== Segment start ==
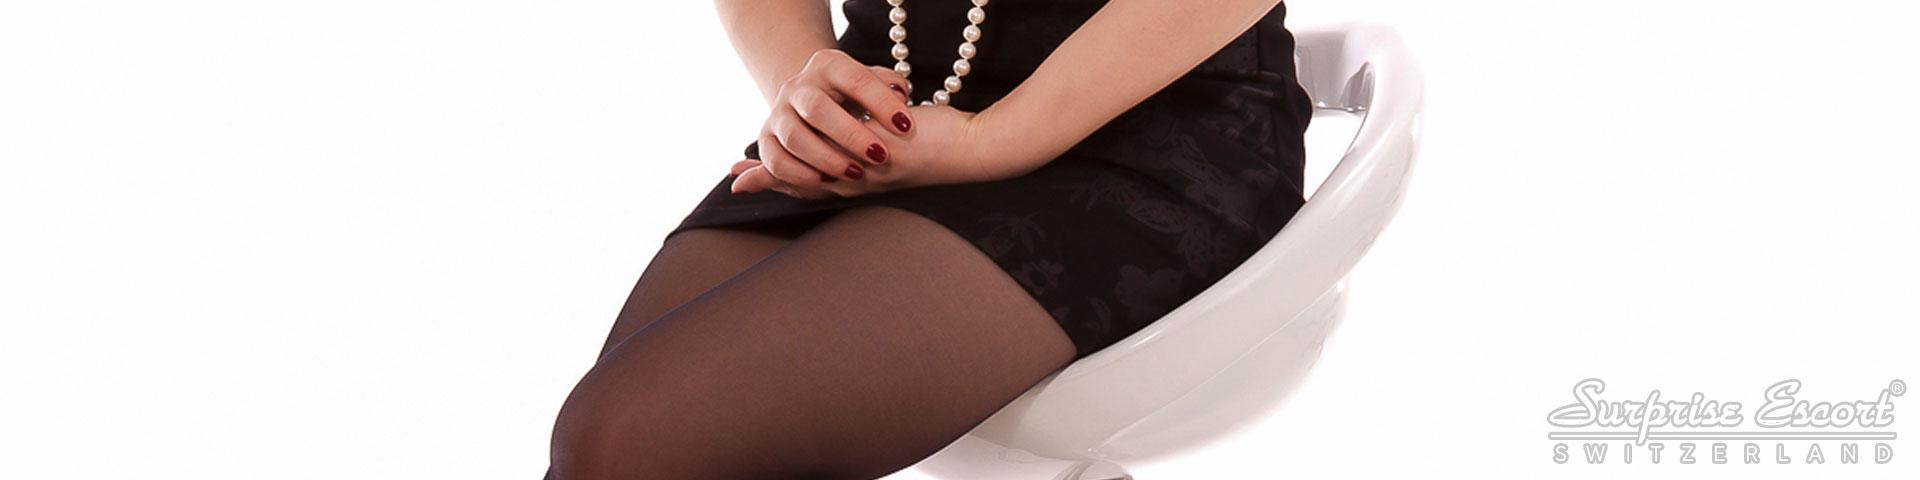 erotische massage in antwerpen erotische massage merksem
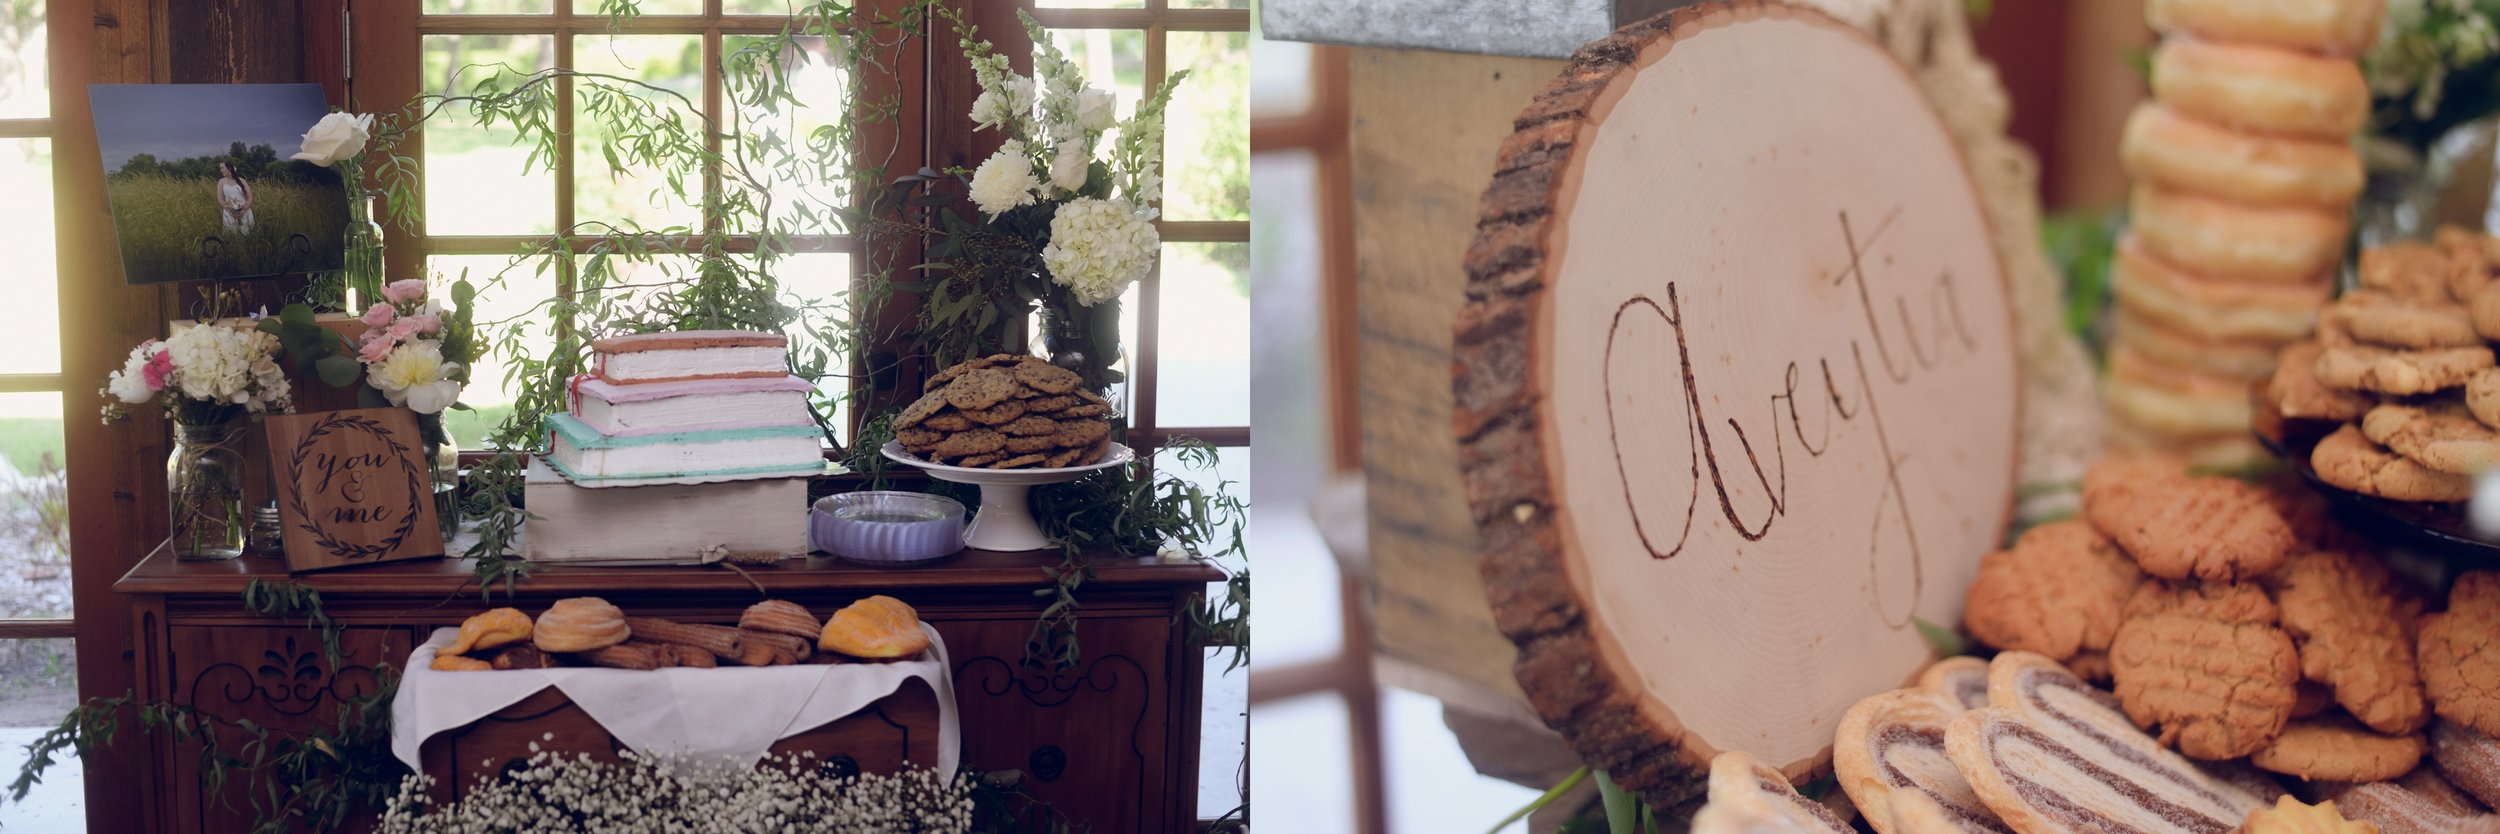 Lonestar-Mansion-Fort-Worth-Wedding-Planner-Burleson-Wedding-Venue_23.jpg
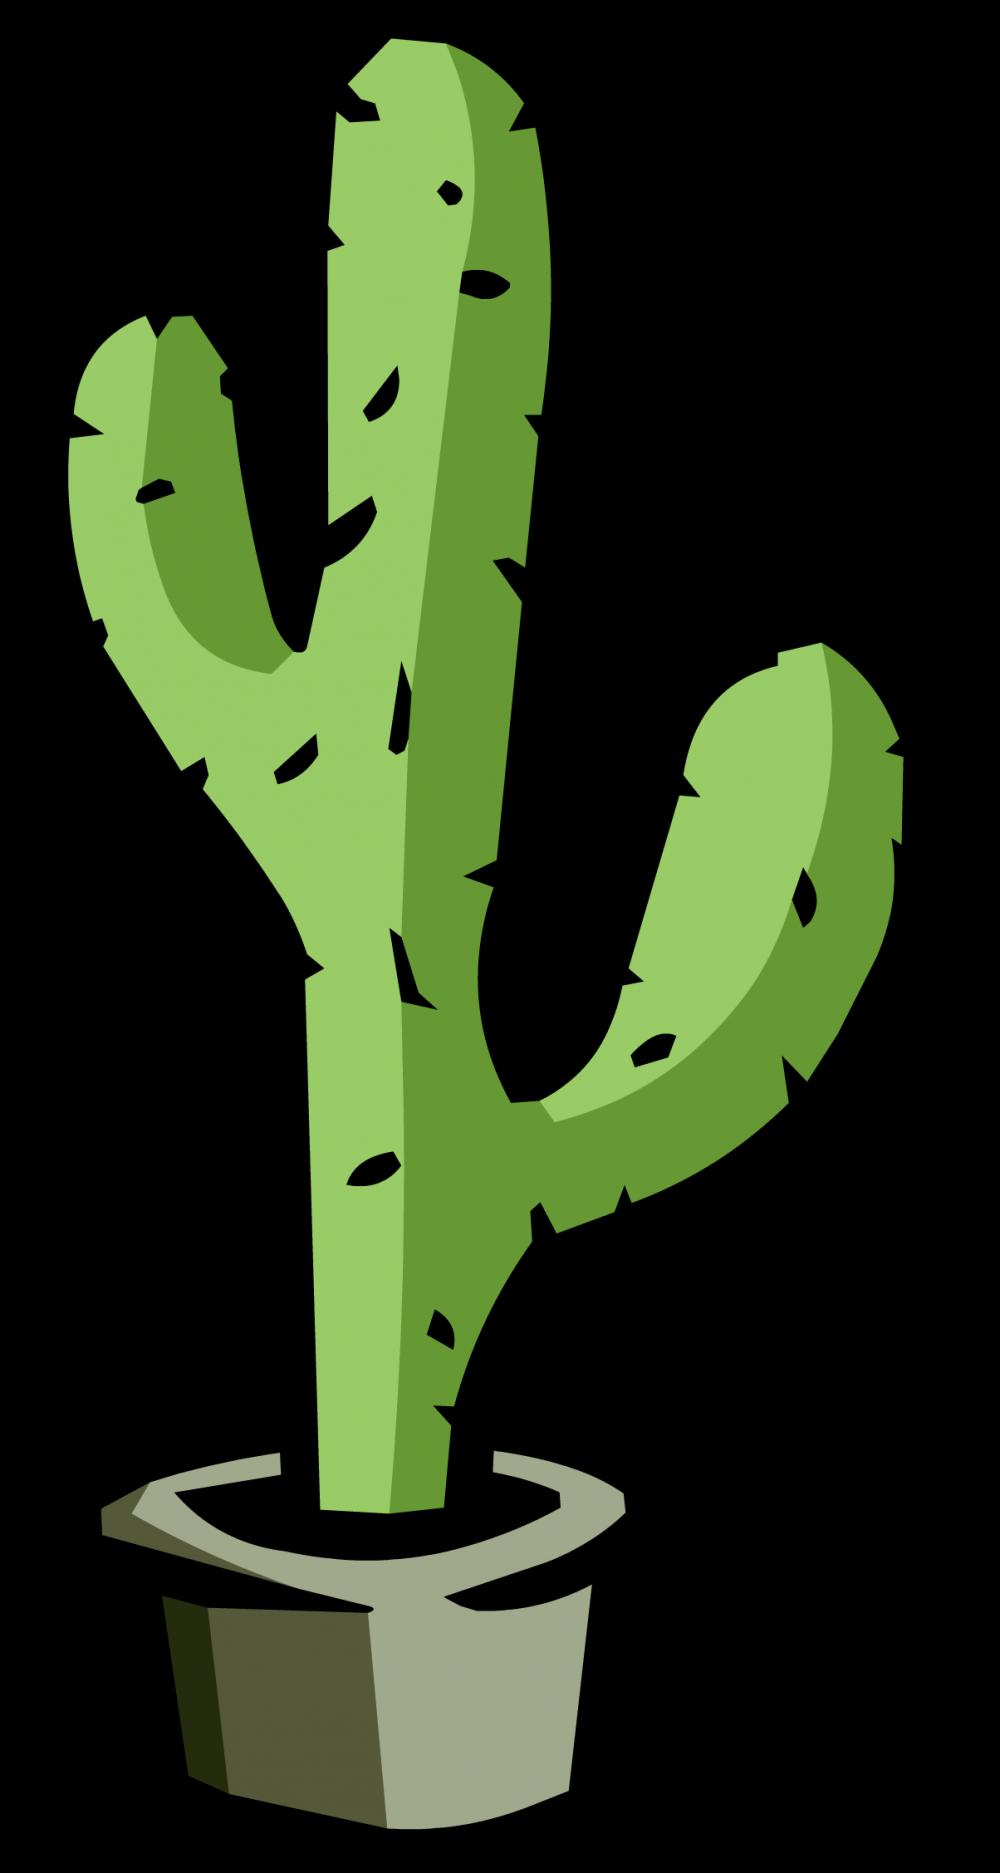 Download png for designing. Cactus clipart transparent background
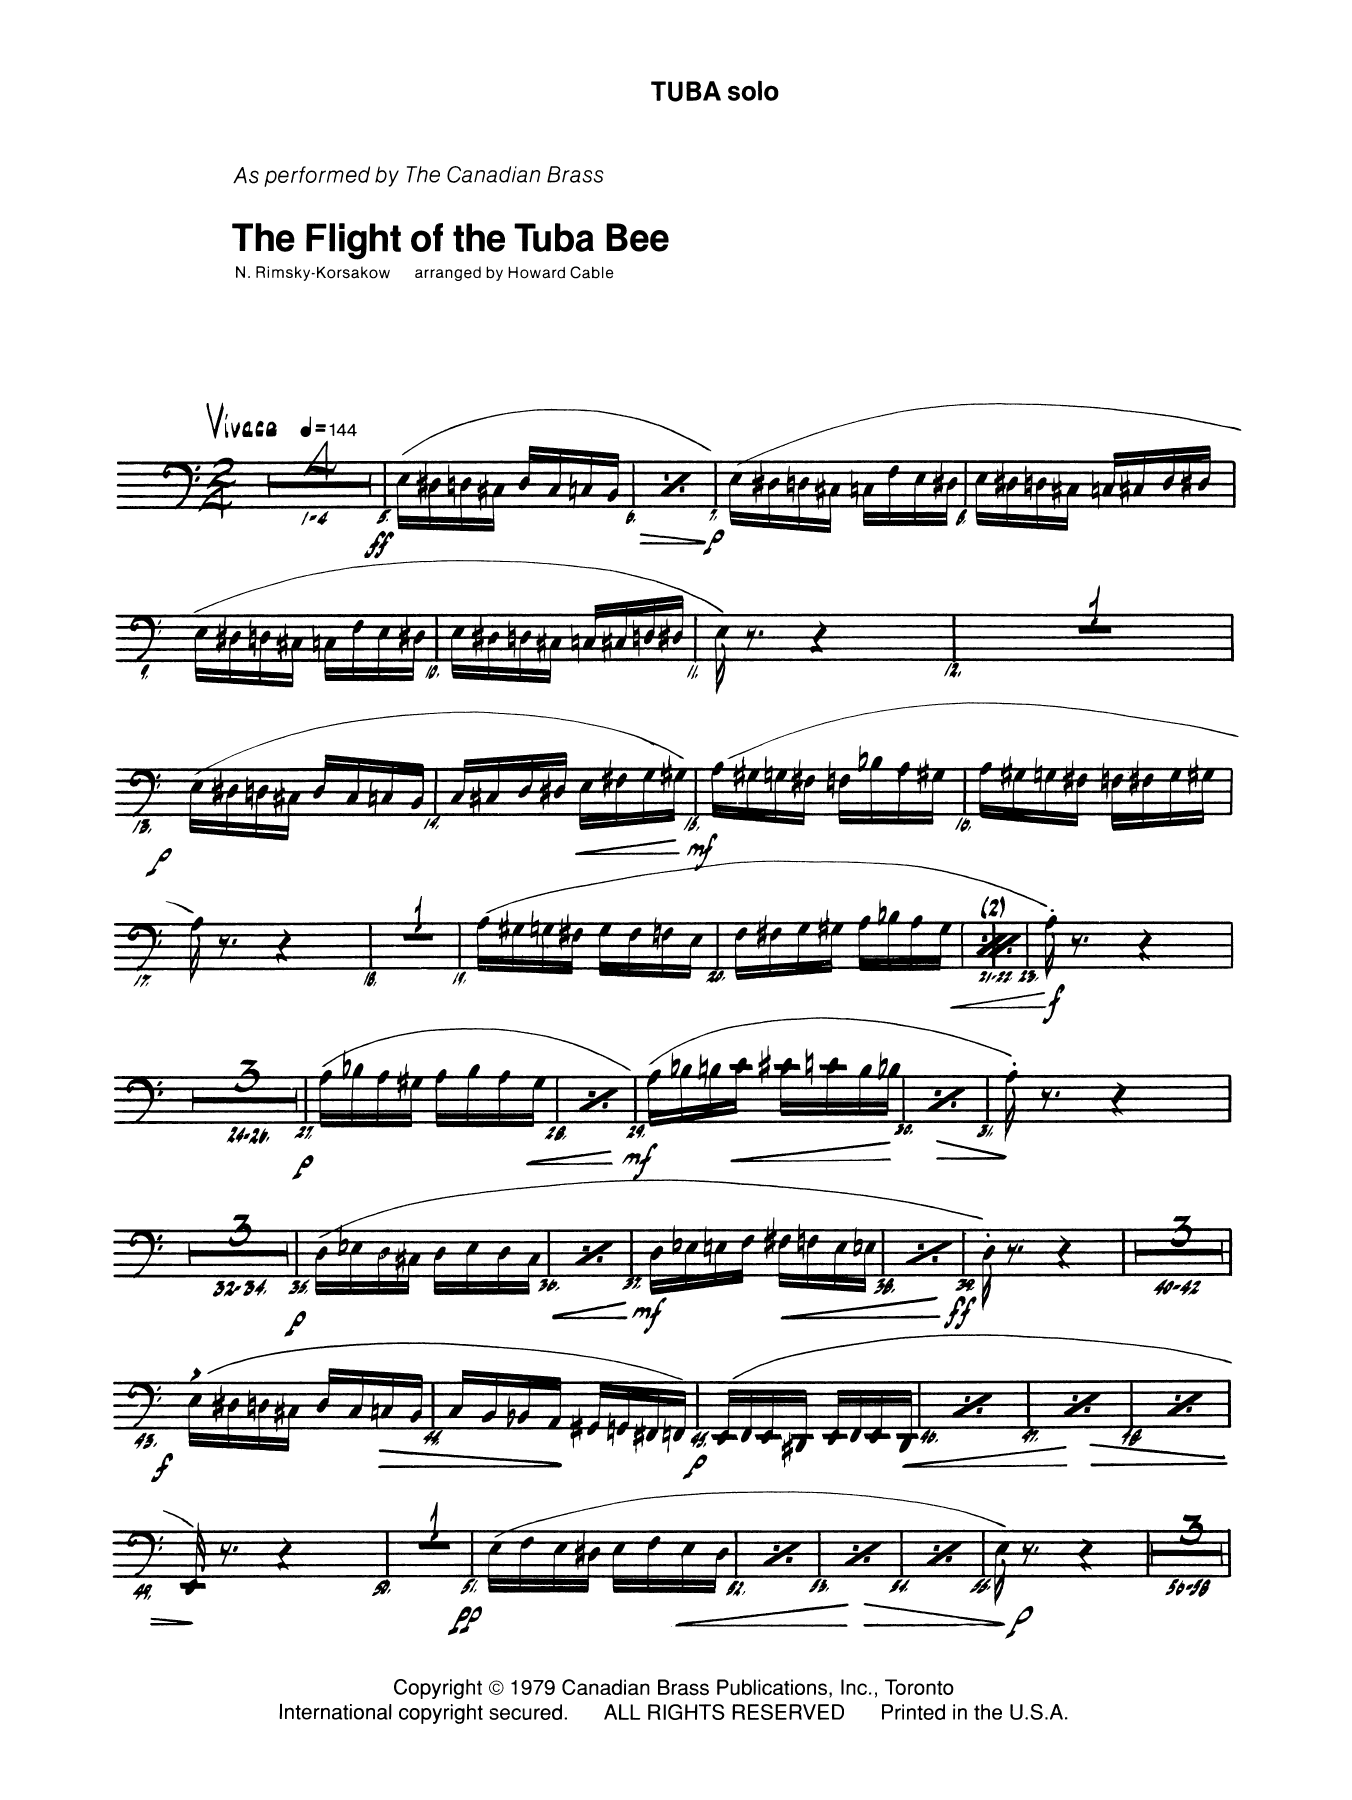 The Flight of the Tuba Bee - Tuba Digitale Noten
== Segment end ==
> **Task description**
Please, leaving out all pictures, transcribe exactly the lines above from the one containing "Download png for" through the final line, both included.

> **Answer**
 Download png for designing. Cactus clipart transparent background
 The Flight of the Tuba Bee - Tuba Digitale Noten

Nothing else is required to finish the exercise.